Senin, 16 Juli 2012

Nikah Sirri, antara Negara Vs Agama, Benarkah?


Kata sirri berasal dari bahasa arab “sirrun” yang berarti rahasia, samar, atau sembunyi-sembunyi. Jadi nikah siri adalah nikah yang dirahasiakan atau secara sembunyi-sembunyi. Sedangkan menurut istilah adalah nikah yang sah menurut agama islam karena telah memenuhi syarat dan rukunnya nikah, tapi tidak sah menurut Negara karena pernikahan ini tanpa pencatatan di Kantor Urusan Agama (KUA). Adapun syarat dan rukun nikah yang sah menurut agama adalah; islamnya kedua mempelai, ijab qobul, wali, dua orang saksi dan mas kawin. Kelima hal tersebut merupakan harga mati yang tidak dapat ditawar. Karena andaikata kurang satu saja, maka pernikahan itu tidak bisa dianggap sah dalam pandangan islam. Nikah sirri muncul di Indonesia sejak diterbitkannya UU No.1 tahun 1974 yang mewajibkan orang islam untuk mendaftarkan pernikahan kepada Negara.

                        Kemudian, kenapa yang sah menurut agama malah dianggap melanggar Negara dan hukum? Bukankah kita Negara yang beragama, bukan Negara komunis. Tetapi kenapa hal ini bisa terjadi di sebuah Negara yang jumlah pemeluk islamnya terbesar di dunia? Inilah kontroversi tiada henti tentang nikah sirri. Orang yang kontra terhadap nikah sirri beralasan bahwa nikah sirri tidak ada manfaatnya bahkan cenderung merugikan pihak perempuan dan anak-anak. Karena jika sang suami telah menceraikan istrinya, ia dan anaknya tidak bisa menuntut tanggung jawab dari laki-laki atau ayah si anak. Padahal, jika dalam perkawinan sah ( tercatat di KUA ), perempuan dan anak bisa menggugat secara hukum. Inilah alasan kenapa pemerintah ingin menggarap RUU           ( Rancangan Undang-Undang ) tentang nikah sirri. Tujuannya tidak lain adalah untuk melindungi hak perempuan dan anak-anak, padahal kalau memang tujuannya seperti itu seharusnya pemerintah justru lebih memperhatikan masalah prostitusi dan kawin kontrak ( kawin mut’ah ) karena hal itu sungguh melecehkan hak perempuan.

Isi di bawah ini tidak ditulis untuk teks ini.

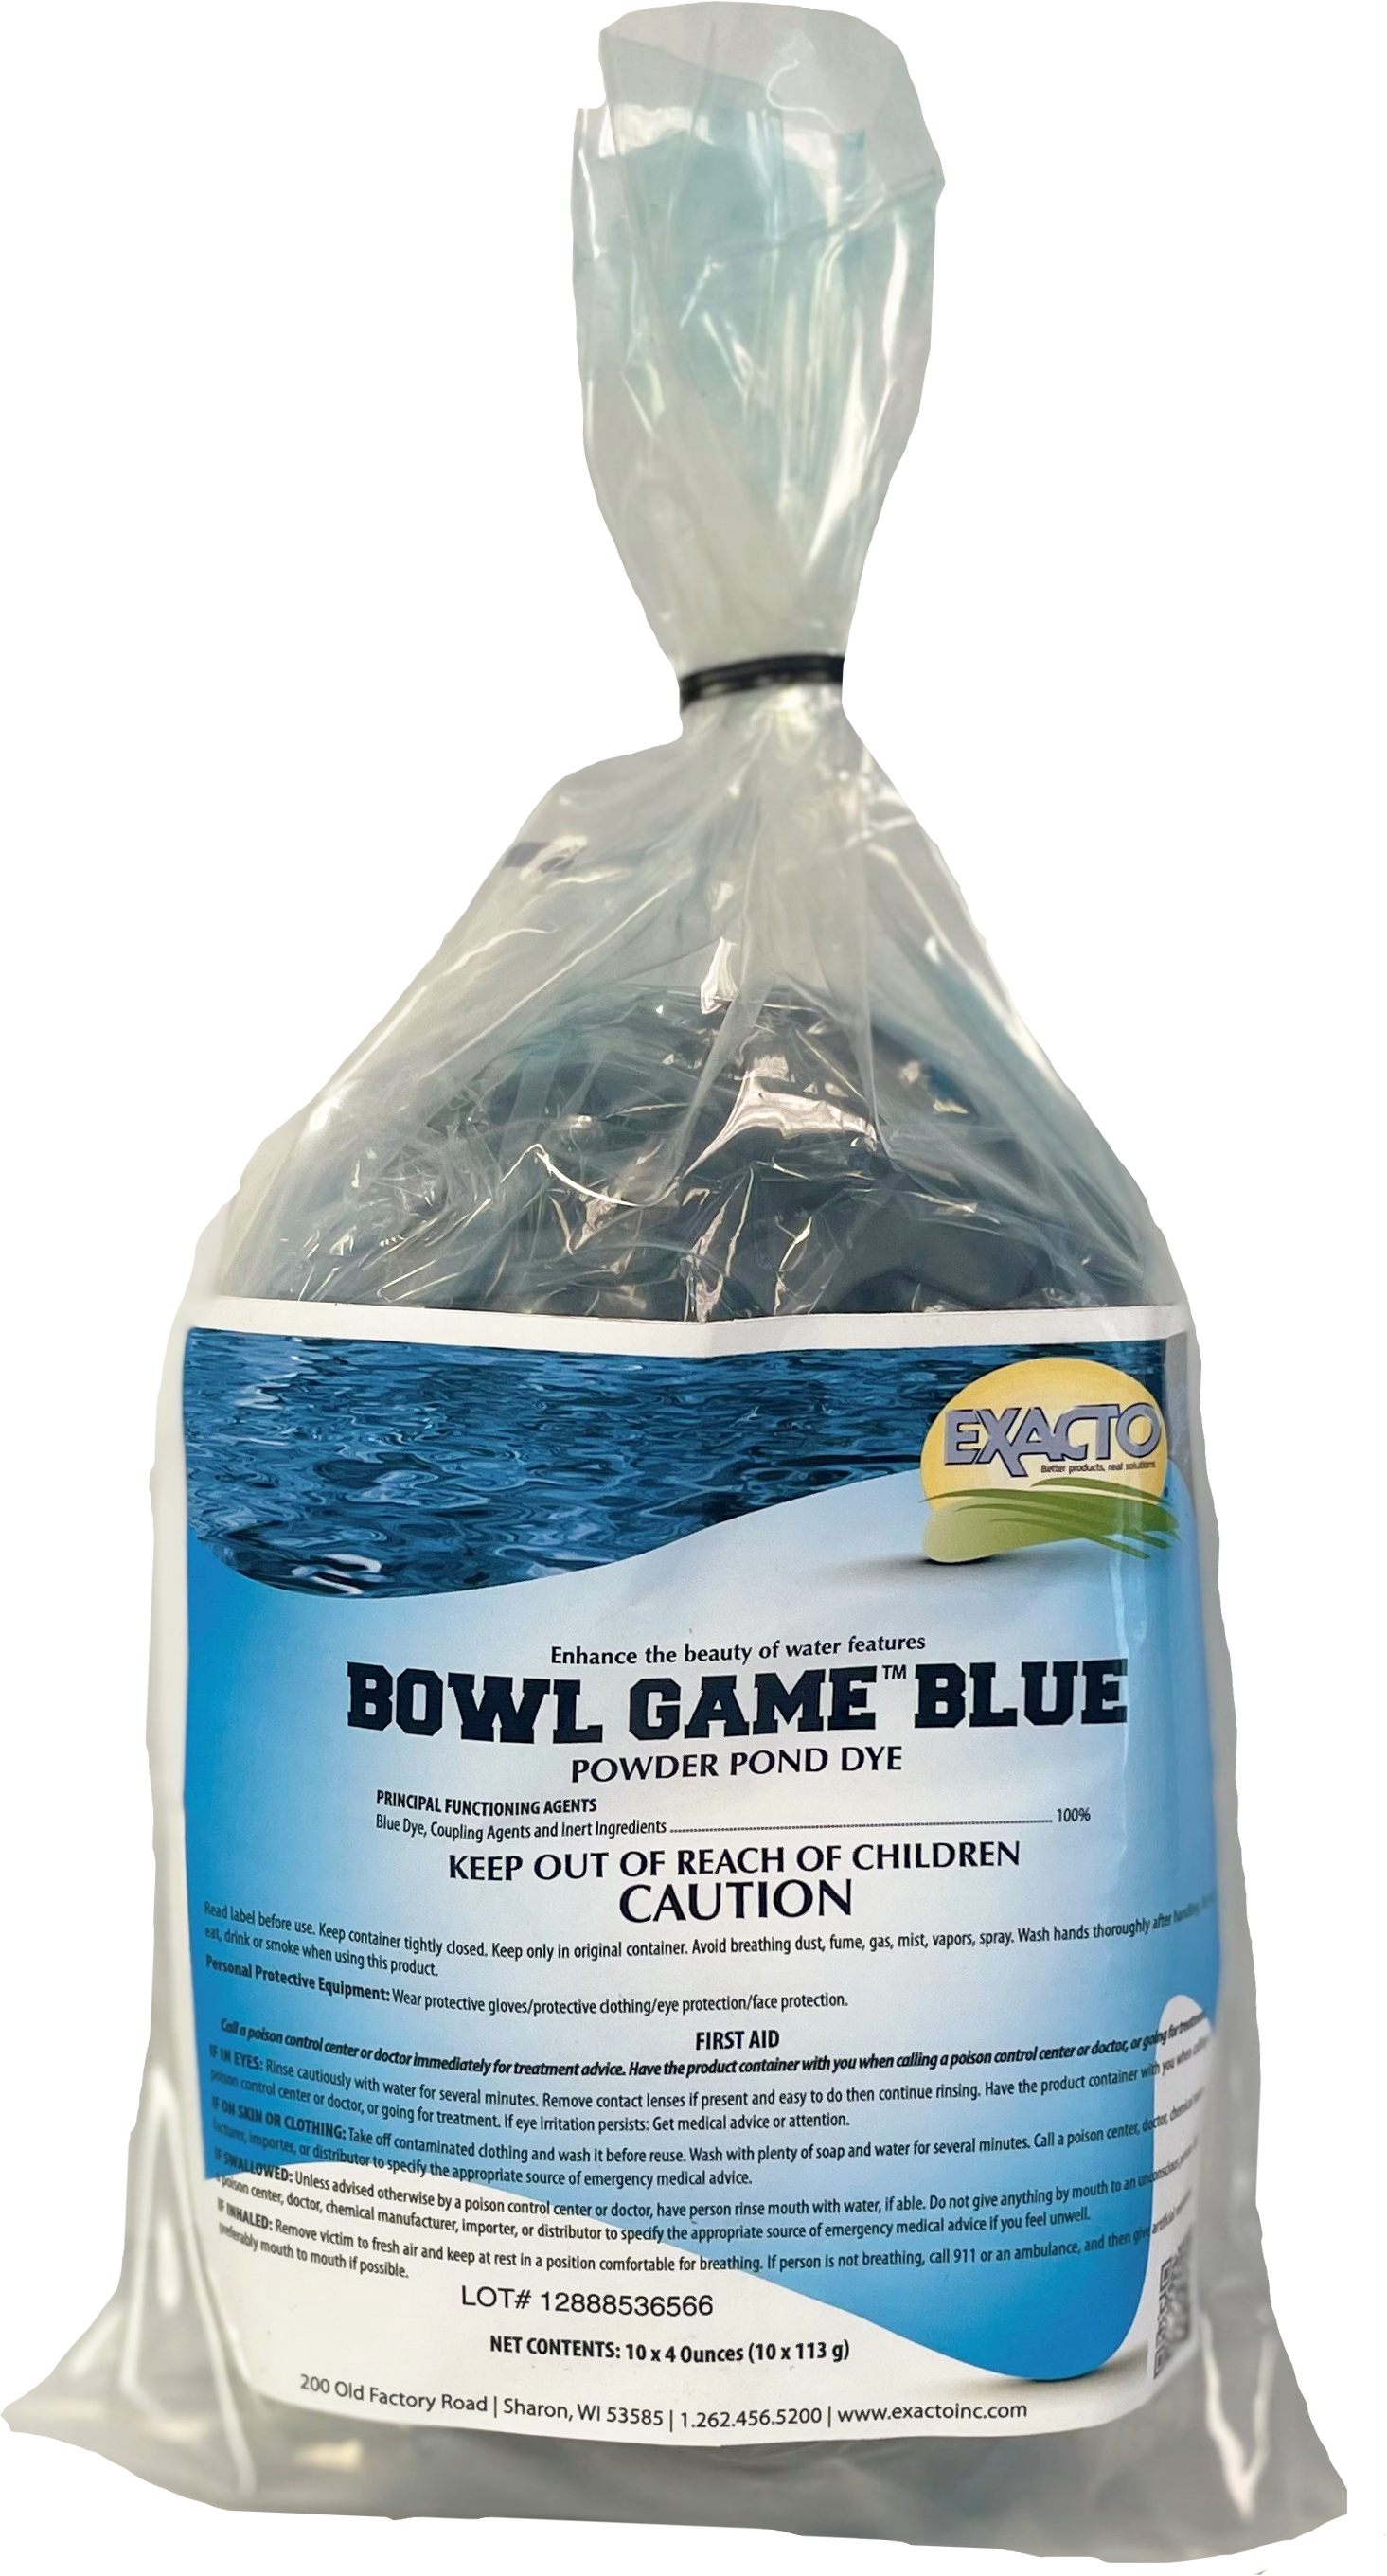 Bowl Game Pond Dye Blue 10 x 4oz bags - 4 bags per case

                        Pada masyarakat kita dewasa ini nikah sirri seakan menjadi pilihan alternatif. Dari mulai perkotaan sampai pedesaan banyak terjadi kasus seperti ini. Pelakunya pun bervariasi dari mulai pejabat Negara sampai pengangguran, alasan mereka bermacam-macam dari yang ingin poligami tapi istri pertama tidak setuju, yang sudah ngebet untuk menikah tapi tidak memiliki biaya, sampai yang sudah hamil di luar nikah. Menurut mereka kawin sirri merupakan solusi. Ini tidak jadi soal asalkan dalam penerapannya tidak terjadi kasus nikah sirri yang dikontrakkan( nikah mut’ah ) atau lokalisasi yang berkedok kawin kontrak yang disirrikan. Karena pada kenyataannya banyak orang menyalahgunakan kawin sirri untuk jajan di lokalisasi. Kasus ini banyak terjadi pada Warga Negara Asing ( WNA ) yang kebanyakan berasal dari Timur Tengah. Mereka beranggapan dengan kawin kontrak bisa memanfaatkan jasa PSK tanpa dianggap kumpul kebo. Tapi bukankah ini malah menodai tujuan mulia dari pernikahan.
                       
                        Sebenarnya istilah nikah sirri sendiri bukan berasal dari nabi Muhammad SAW. Karena dalam suatu riwayat nabi Muhammad bersabda “Umumkanlah perkawinan dan pukullah rebana” (HR Ibnu Majah dari Aisyah). Dalam hadits lain menyebutkan “Rayakanlah pernikahan, walau hanya dengan memotong seekor kambing”(HR Bukhori dari Abdurrahman bin Auf). Hal ini dimaksudkan agar tidak timbul fitnah di masyarakat dan pelaku nikah sirri tidak repot ketika harus mendapat pengakuan dari masyarakat bahwa keturunan mereka adalah sah, bukan hasil kumpul kebo.
           
                        Ritual pernikahan yang diperintahkan Allah sebenarnya tidaklah rumit, sederhana dan tidak bertele-tele. Pernikahanpun tidak harus dilakukan di hotel berbintang ataupun di masjid secara besar-besaran, selama beberapa hari bahkan menghabiskan banyak biaya. Di emperan rumah beralas tikar pun akan diterima oleh Allah, asalkan syarat dan rukunnya terpenuhi. Jadi seharusnya nikah sirri tidak perlu terjadi. Dan akhirnya semua kembali kepada pemerintah dan pribadi masing-masing. Bukan karena saat ini dirasa hukum yang diputuskan agama tidak relevan lagi. Yang jelas, seperti apapun putusan pemerintah harus kita pegang. Karena ulil amri selayaknya kita patuhi sejauh dia tidak melenceng dari koridor agama islam. So, semua keputusan ada di tangan anda.